It’s worth thinking about just how bad this number is: how does the rate of offending by police compare to that nationwide? To dig into this, I’ll use 20,000 offenses as my estimate, but it’s easy to see how things look if we assume 12,000 or 50,000 as well. To start, note that the 20,000 offenses will have taken place over 18 years. So that’s 1,111 cases per year. On average, over that time there were ~650,000 to ~750,000 sworn police officers… although the article states that 99% of officers arrested for sex offenses are men, and the number of sworn male officers varied between ~560,000 to ~650,000

1,111 cases per year vs 600,000 male officers comes to an annual rate of 185 per 100,000 male officers. If we limit ourselves just to rape, which made up 39% of the WaPo’s cases, that’s ~700 arrests, which translates into 7,777 offenses using the same 9% offense-to-clearance number. Scaling that proportionately to the 20,000 upscale I used to get the 1,111 rape+sexual offense number, that would suggest the number of rapes would be on the order of 13,000,10 or 722 offenses per year, for a rate of 120 per 100,000 officers.

How to back out a national comparison? A 2002 DOJ report suggests that, analogously to police, perhaps ~99% of rape and sexual assaults are committed by men; I’m not sure how that number has held up over time, but I also struggled to find a newer version of it (but will gladly update this if someone knows of one). That’s the easy part.

Trickier is finding the relevant data for nation-wide offending. The UCR’s rape statistics aren’t appropriate, since they include all alleged rape crimes, and the data here is just looking at children.
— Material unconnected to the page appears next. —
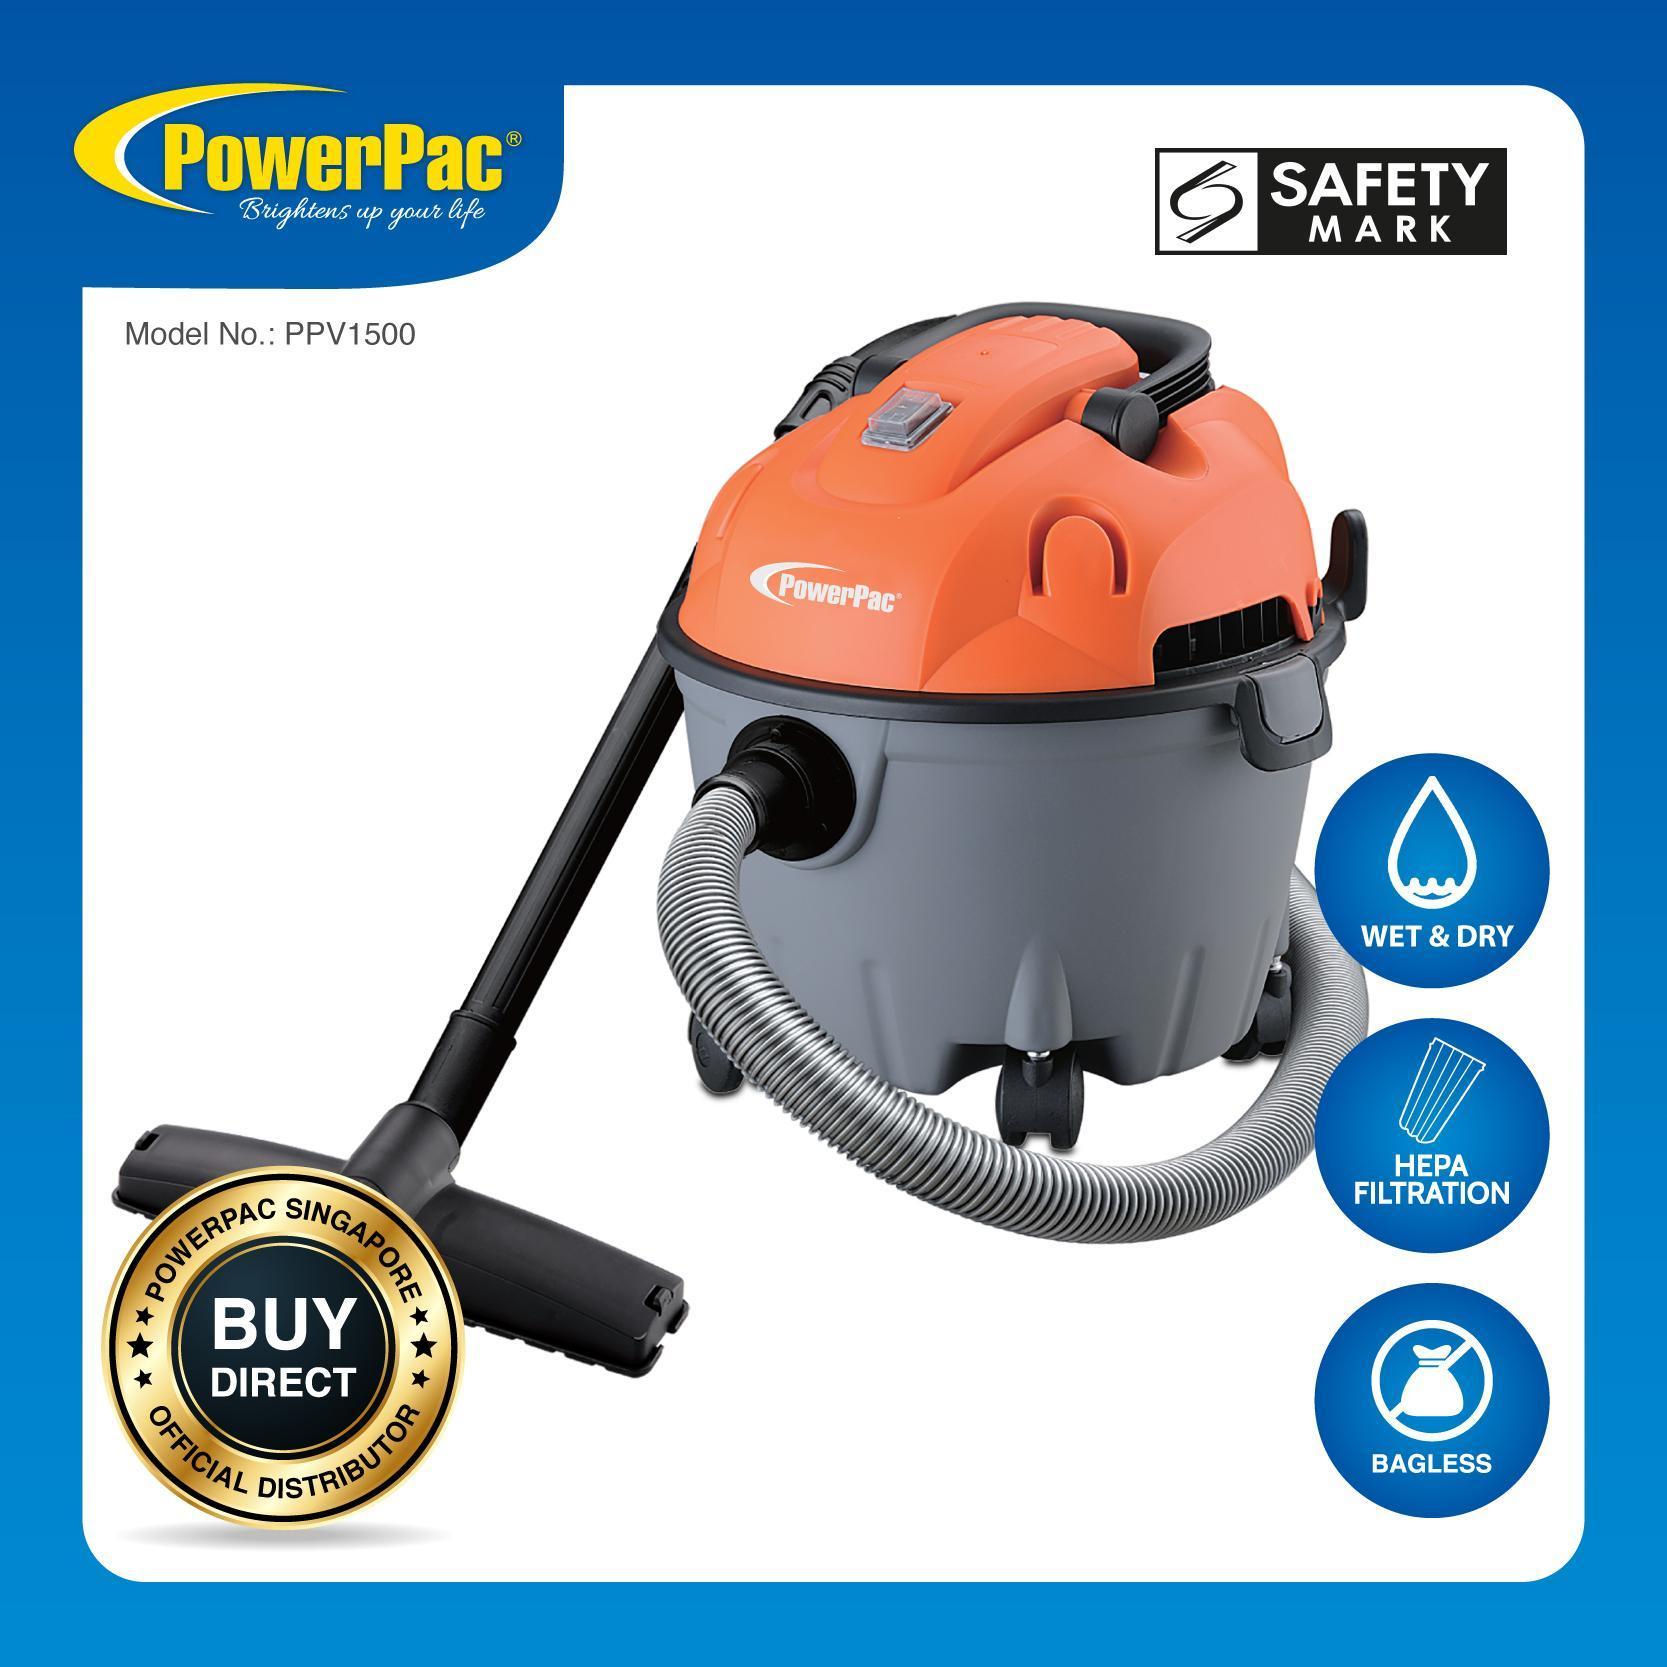 Buy Vacuum Cleaner Robotic Handstick Lazada Black Decker Wet And Dry Powerpac 1200 Watts Ppv1500
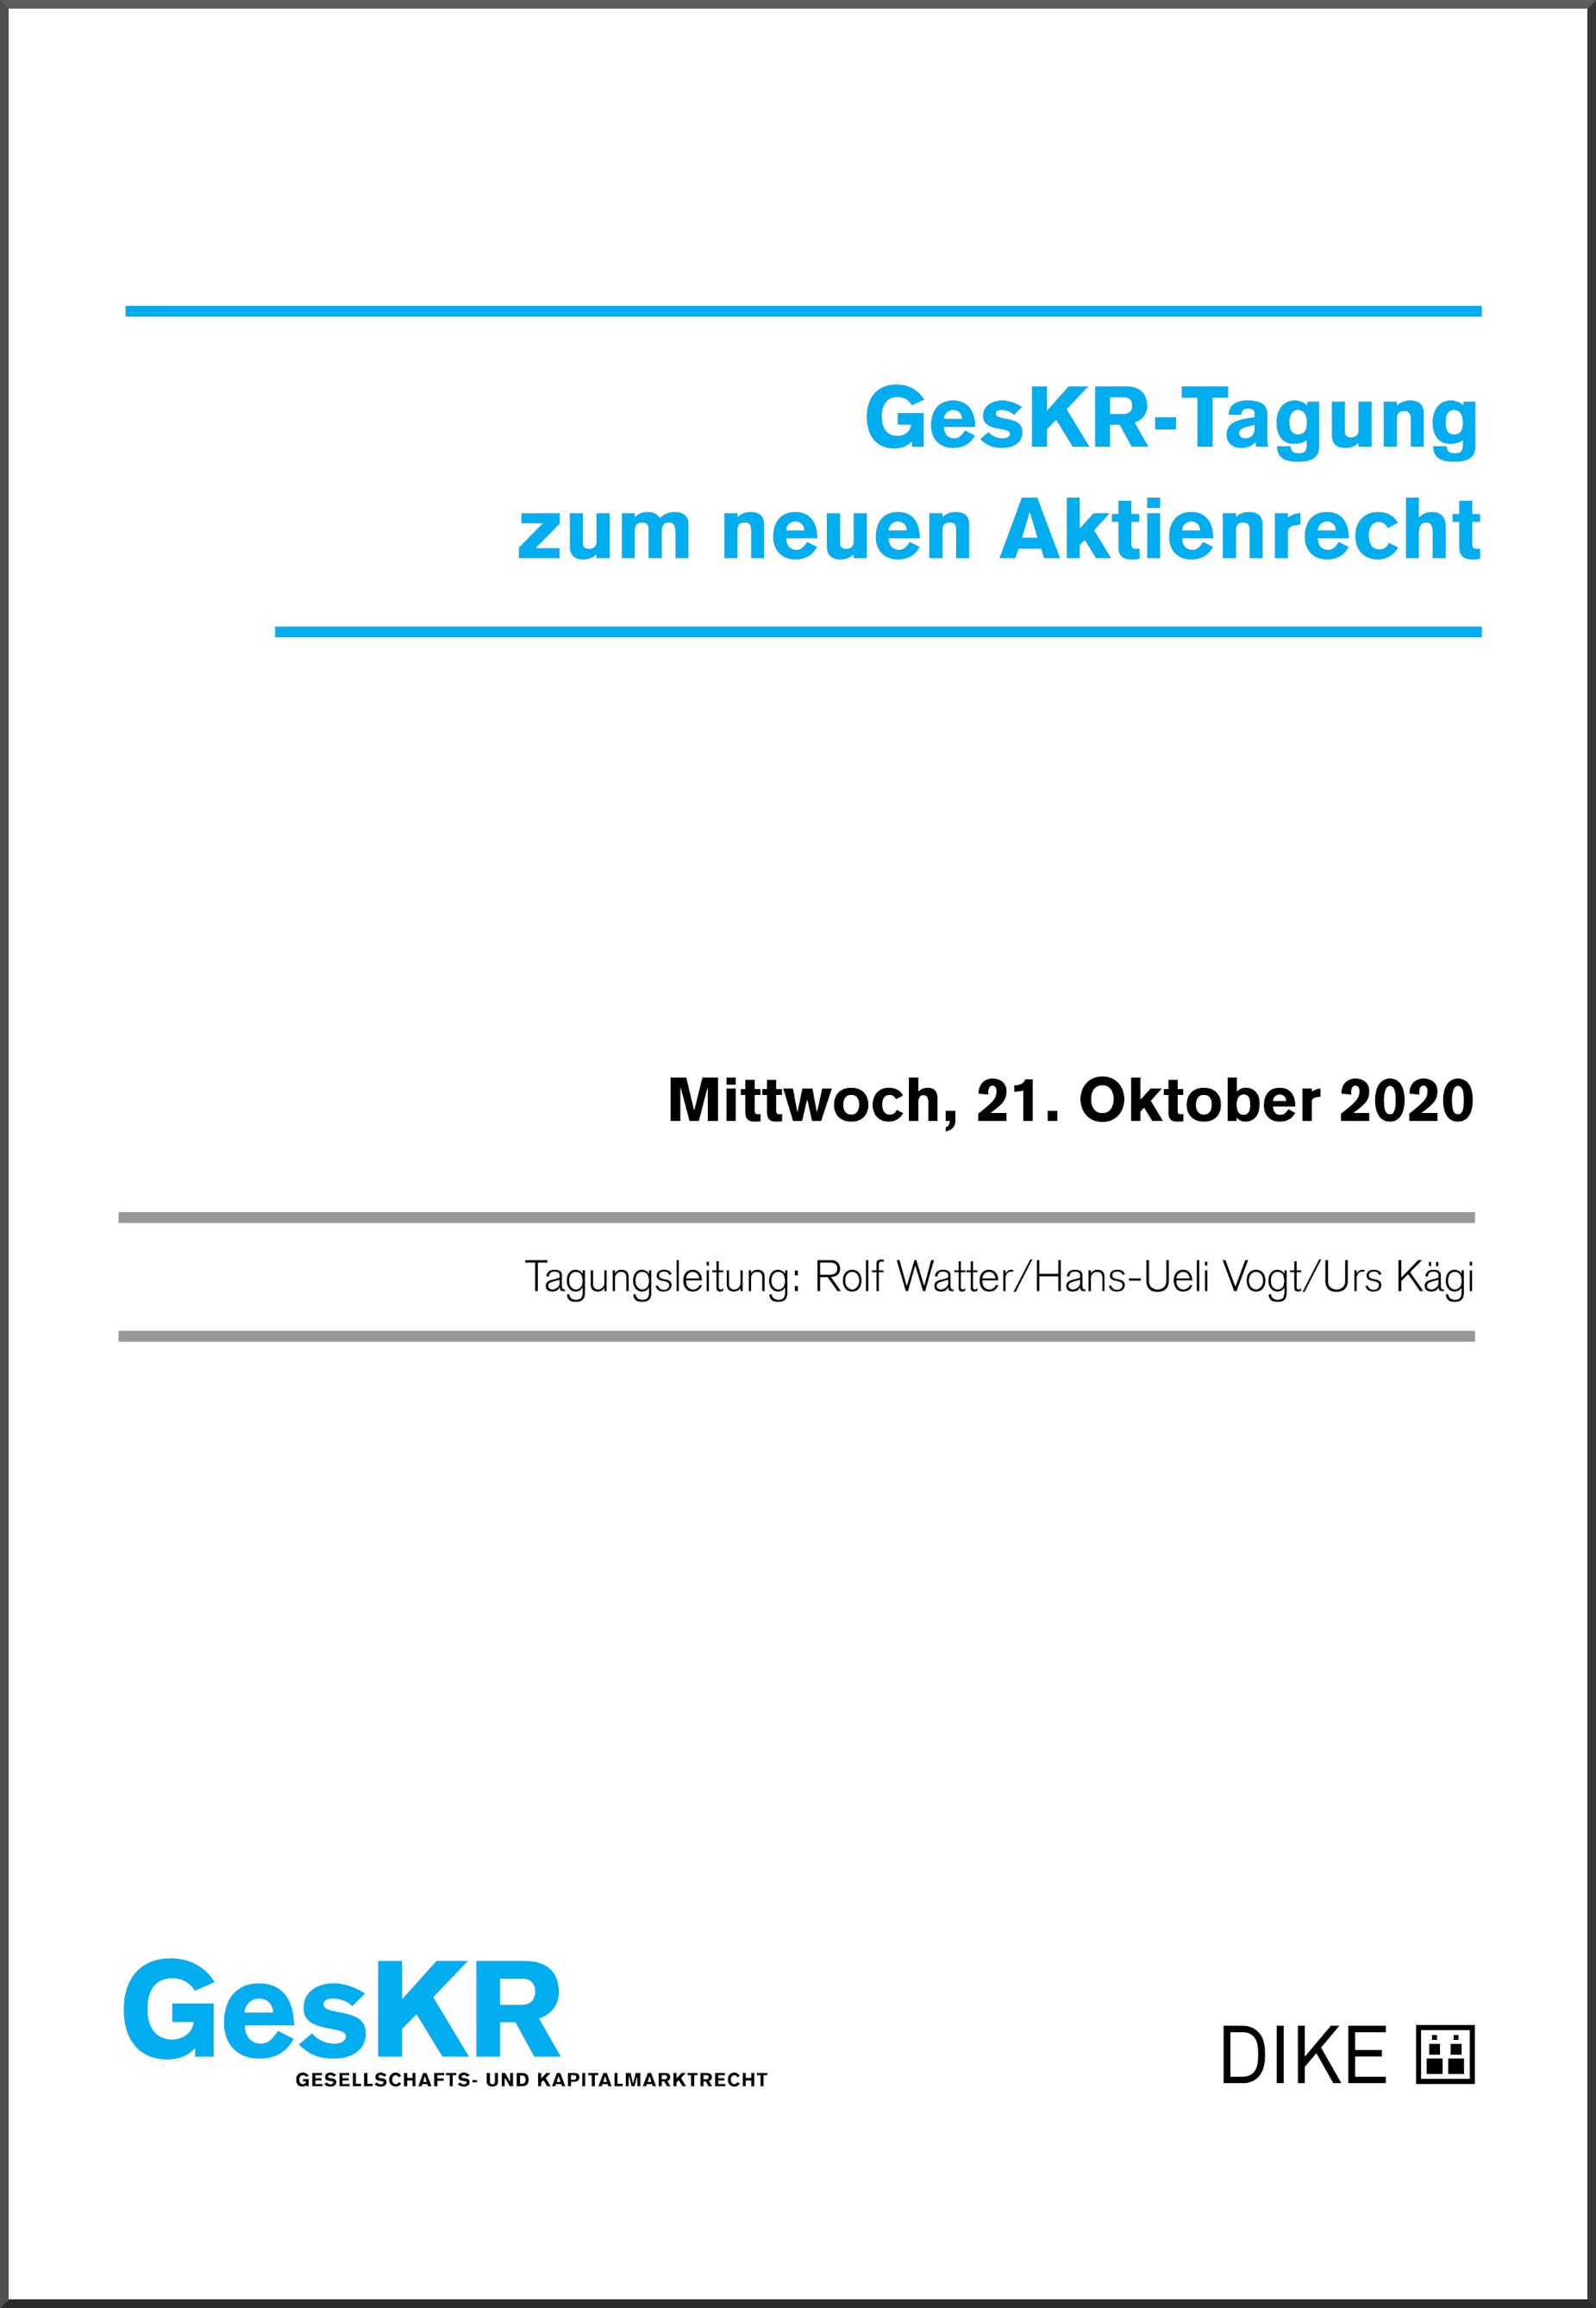 GesKR-Tagung  zum neuen Aktienrecht - Reform aus Sicht der Unternehmen

One study from 1999 reported that ~285,000 children were victims of sexual assault. At the time, there were ~110,000,000 men aged 15 and older. That translates into an offense rate of ~260 per 100,000 adult men (on the assumption, which I will address, that each person committing such a crime committed only one, at least in that year). This is old data, but at least at the overall level, it’s not clear that rape and sexual violence declined all that much in the following years: nationally, the rate of rape victimization was 32.0 in 2000, and barely budged until the 2010s, when it fell to about 26, then rising again to 30 or so.11 If we think child sexual abuse followed similar trends, then maybe the 1999 survey data (which faces the challenge any survey, especially of violence, faces) is fairly representative for the years that follow.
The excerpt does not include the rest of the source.